Il faut être toujours ivre


 Voilà,

"Il faut être toujours ivre. Tout est là : c'est l'unique question. Pour ne pas sentir l'horrible fardeau du Temps qui brise vos épaules et vous penche vers la terre, il faut vous enivrer sans trêve.
 
Mais de quoi ? De vin, de poésie ou de vertu, à votre guise.
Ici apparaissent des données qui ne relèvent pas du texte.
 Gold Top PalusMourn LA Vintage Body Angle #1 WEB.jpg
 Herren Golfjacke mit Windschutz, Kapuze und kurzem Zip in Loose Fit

Mais enivrez-vous.


Et si quelquefois, sur les marches d'un palais, sur l'herbe verte d'un fossé, dans la solitude morne de votre chambre, vous vous réveillez, l'ivresse déjà diminuée ou disparue, demandez au vent, à la vague, à l'étoile, à l'oiseau, à l'horloge, à tout ce qui fuit, à tout ce qui gémit, à tout ce qui roule, à tout ce qui chante, à tout ce qui parle, demandez quelle heure il est ; et le vent, la vague, l'étoile, l'oiseau, l'horloge, vous répondront : « Il est l'heure de s'enivrer ! Pour n'être pas les esclaves martyrisés du Temps, enivrez-vous sans cesse ! De vin, de poésie ou de vertu, à votre guise."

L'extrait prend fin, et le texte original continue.